Queer City Cinema has given Regina audiences the chance to see how issues of identity, specifically queer identity, are being questioned, challenged, and (re) constructed. It has always been the hope that by creating a forum where one assumes the familiar role of spectator, that a new and active discourse will emerge around issues of queer identities and queer culture(s) in Regina.

Performance
I have been aware of and interested in performance art, live art, etc. since my time at The Banff Centre in the late 80’s. I have also performed several times in performance artworks over the years and recently have made my own. Along the way, I have had the pleasure of attending the more innovative and daring queer film festivals (MIX NYC for example) and often would see visual art installations and performance art as part of the programming, so that was inspiring and made me think that performance and visual art could be part of what was happening at Queer City Cinema. I programmed visual art exhibits for the festival as well, and in fact, the first foray into performance occurred in 2002, with a cabaret evening called Transformance showcasing a number of transgender artists. Consequently, since 2012, in addition to Queer City Cinema Film Festival, another festival was initiated – Performatorium Festival of Queer Performance. This was done for a few reasons – to make my job more interesting, provide a new and exciting art form from which to present queer artists, and increase the organization’s presence by having two festivals occur every year.

Additionally, performance, specifically performance art, is another way to convey ideas and artistic expression informed by queer identity and has provided some interesting texture to programming, having had many exceptional and memorable performances by artists such as Ron Athey, Cassils, Zackary Drucker, Kira O’Reilly, Adrian Stimson, Julie Tolentino, Shawna Dempsey and Lorri Millan, to name a few.

Since 2016, the two festivals have been combined into one three-day festival of film and performance art.

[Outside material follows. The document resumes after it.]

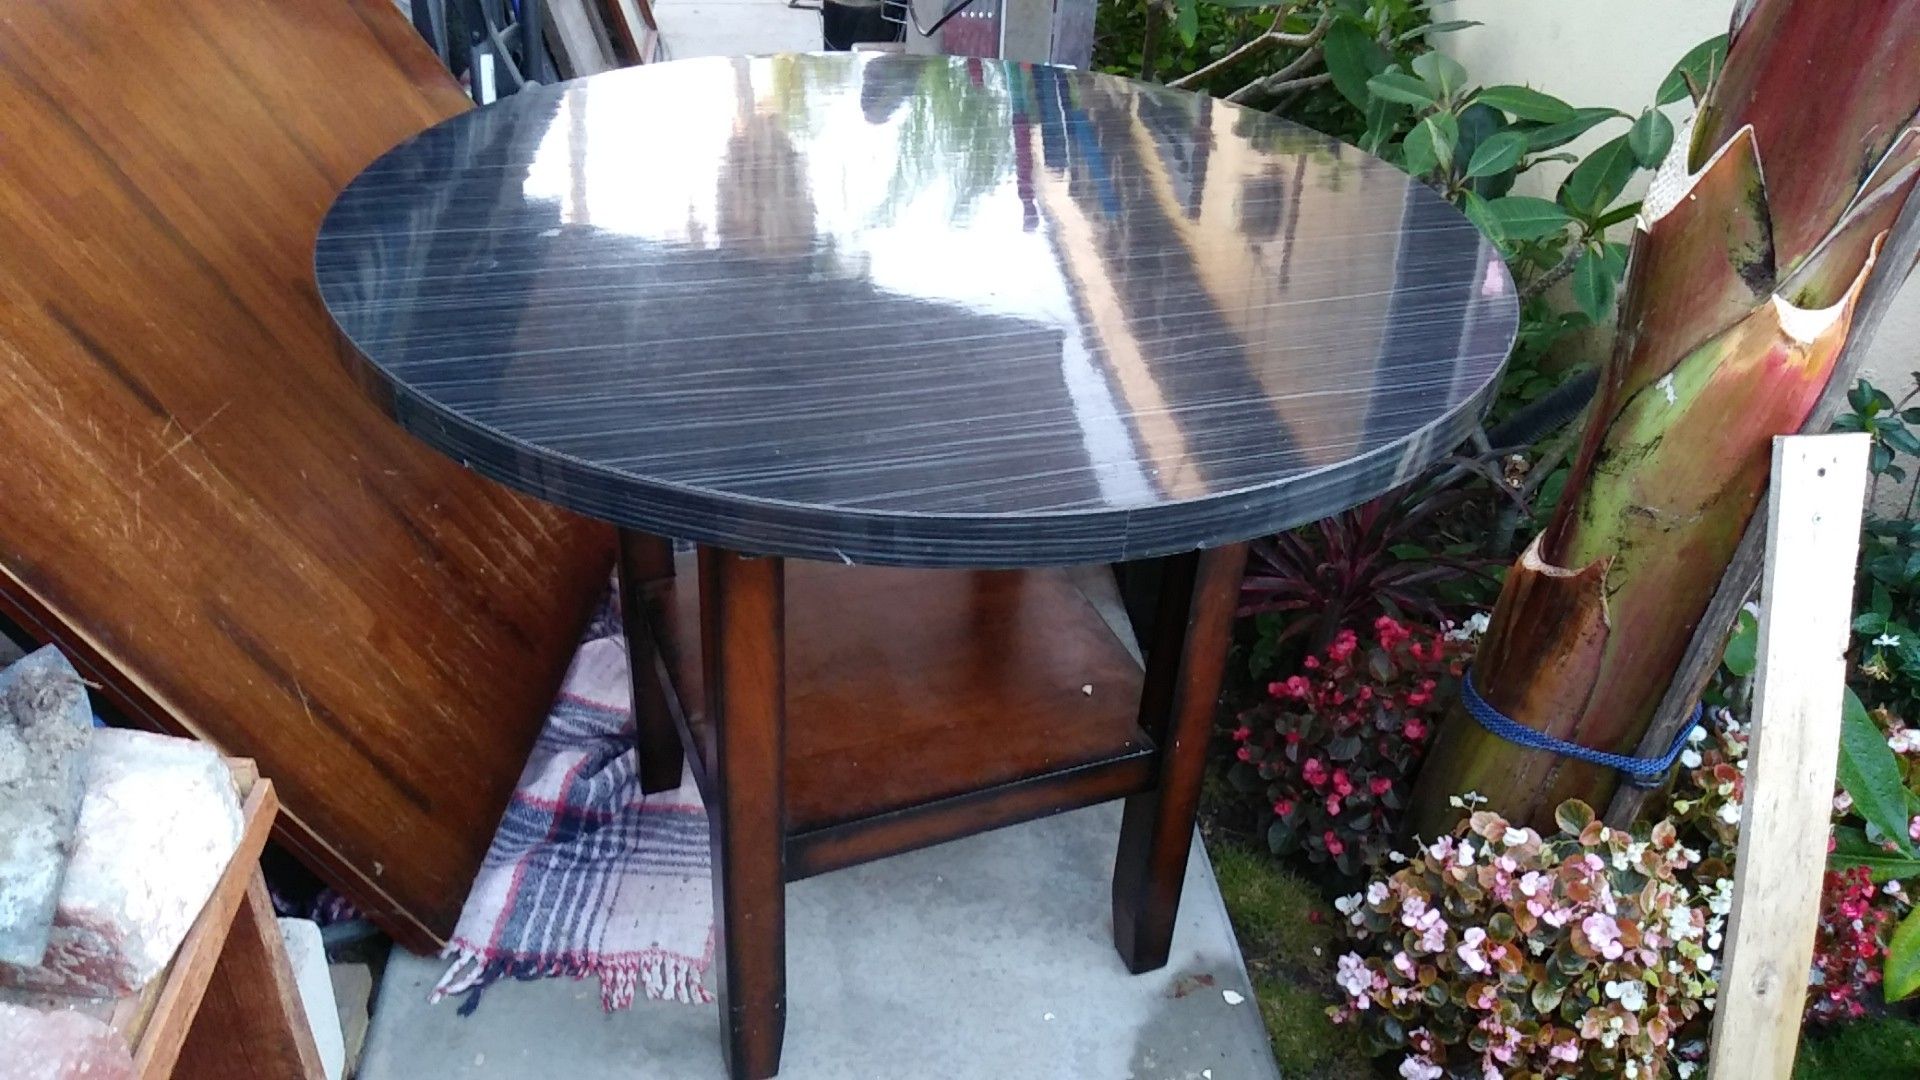 Small table 38"×38" round black&gray. Shiny finish
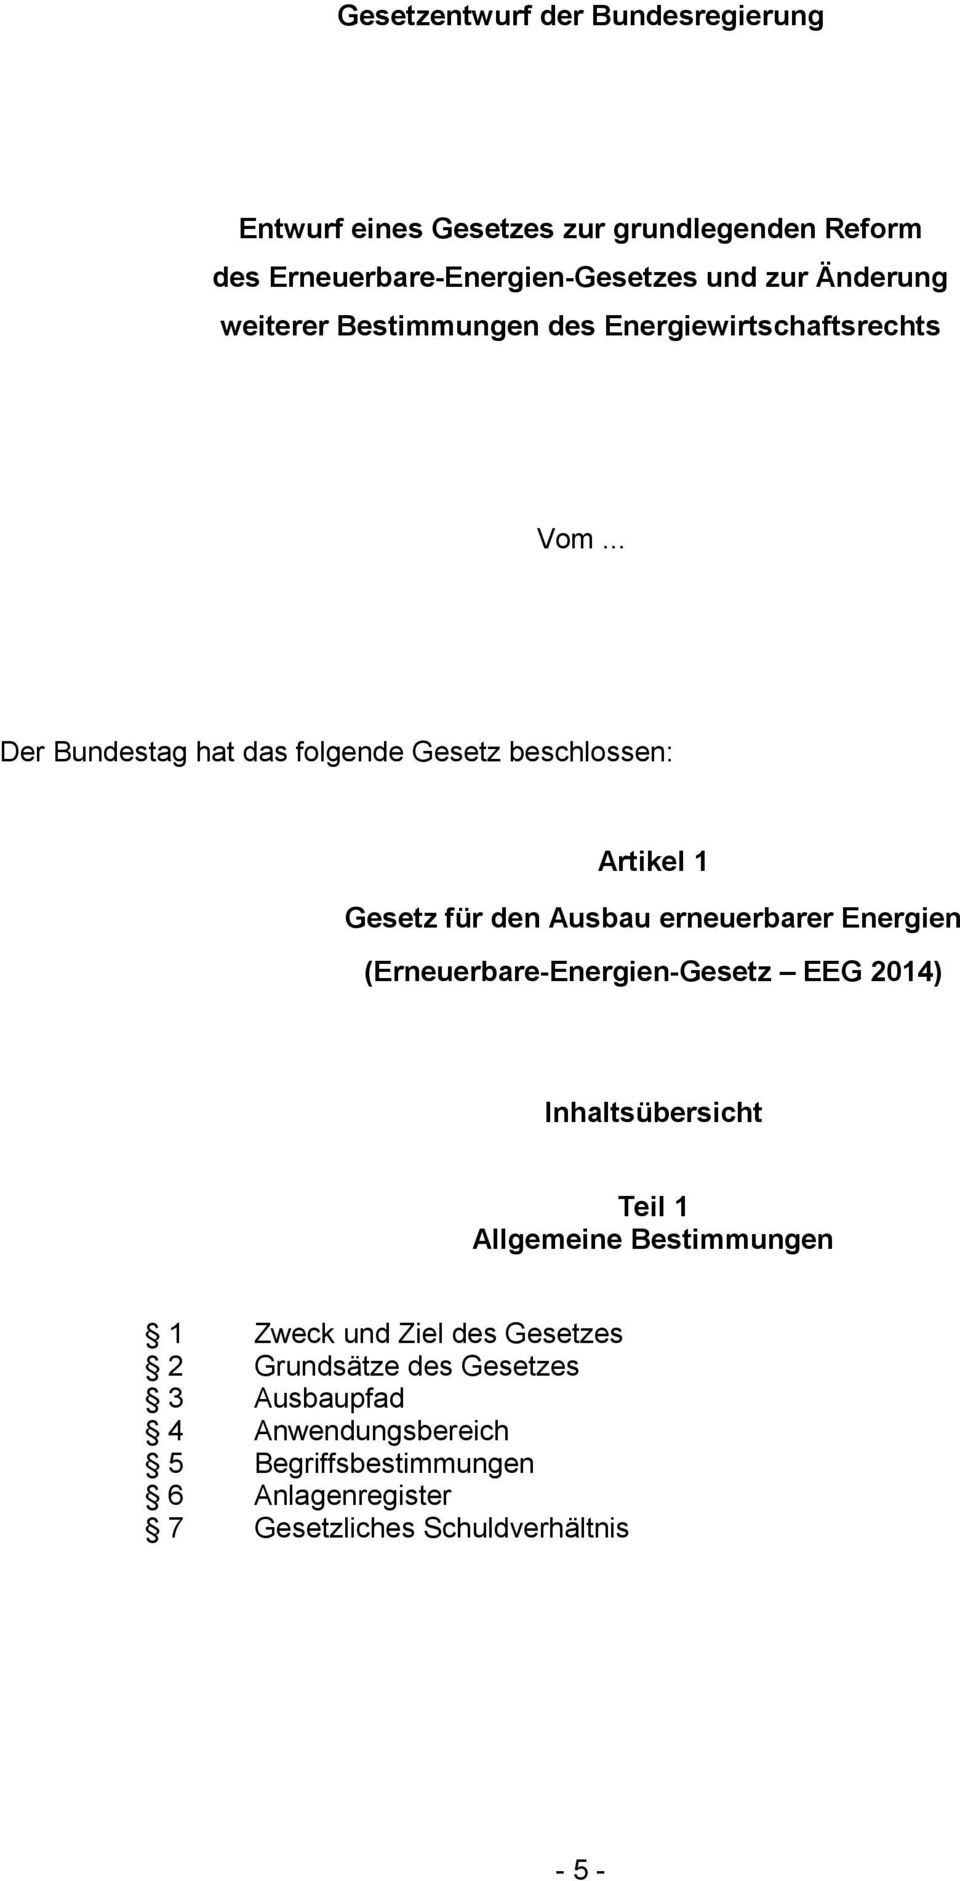 .. Der Bundestag hat das folgende Gesetz beschlossen: Artikel 1 Gesetz für den Ausbau erneuerbarer Energien (Erneuerbare-Energien-Gesetz

Intersection of Queer City Cinema and Art Practice
Until recently, I have always viewed my art practice as only including the visual artwork and more recently, the performance artwork that I make and exhibit. I currently also consider my role within Queer City Cinema and Performatorium as being part of my art practice. Even though Queer City Cinema is technically a non-profit organization (it has to be in order to access funding) I initiated the organization and continue to be the sole organizer, curator, programmer, and, not unlike being an artist, I absorb the world around me and channel my own ideas and identities in order to inform/curate the film and performance art programming that is presented to the public. I had been reluctant to claim this position at QCC as part of my art practice, as it is my ‘job’ and what employs me, but because I work alone, that it is so personal to me and that I invest a great degree of thought and care into all that happens as part of Queer City Cinema (22 years and counting), I felt that I should consider it as a legitimate part of what I do as an artist.

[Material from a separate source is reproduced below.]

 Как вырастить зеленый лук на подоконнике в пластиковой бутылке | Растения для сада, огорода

Taking something that myself and others might not consider (or even feel is allowed) as a form of personal creative expression and claiming it as such, is also kind of a queer thing to do.

Consequently, a seismic mix of feelings – deviation, conflict, validation, disruption, freedom – has resulted in making this claim, but in the end, it has helped to fuse what I do at QCC and what I do as a visual and performance artist, making the entire experience more unified, homogeneous, intimate and meaningful.

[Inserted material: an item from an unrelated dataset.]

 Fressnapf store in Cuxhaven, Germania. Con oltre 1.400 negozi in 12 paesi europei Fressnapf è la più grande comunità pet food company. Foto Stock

This intersection of roles – Executive and Artistic Director of a non-profit and Visual Artist – is also about survival as an artist, both financially and artistically. The work that employs me also provides research for the artwork that I conceive of, make and exhibit and further informs future programming at QCC. This reflexive, symbiotic relationship seems to nurture and self-pollinate ideas for both my queer art programming and my own artworks.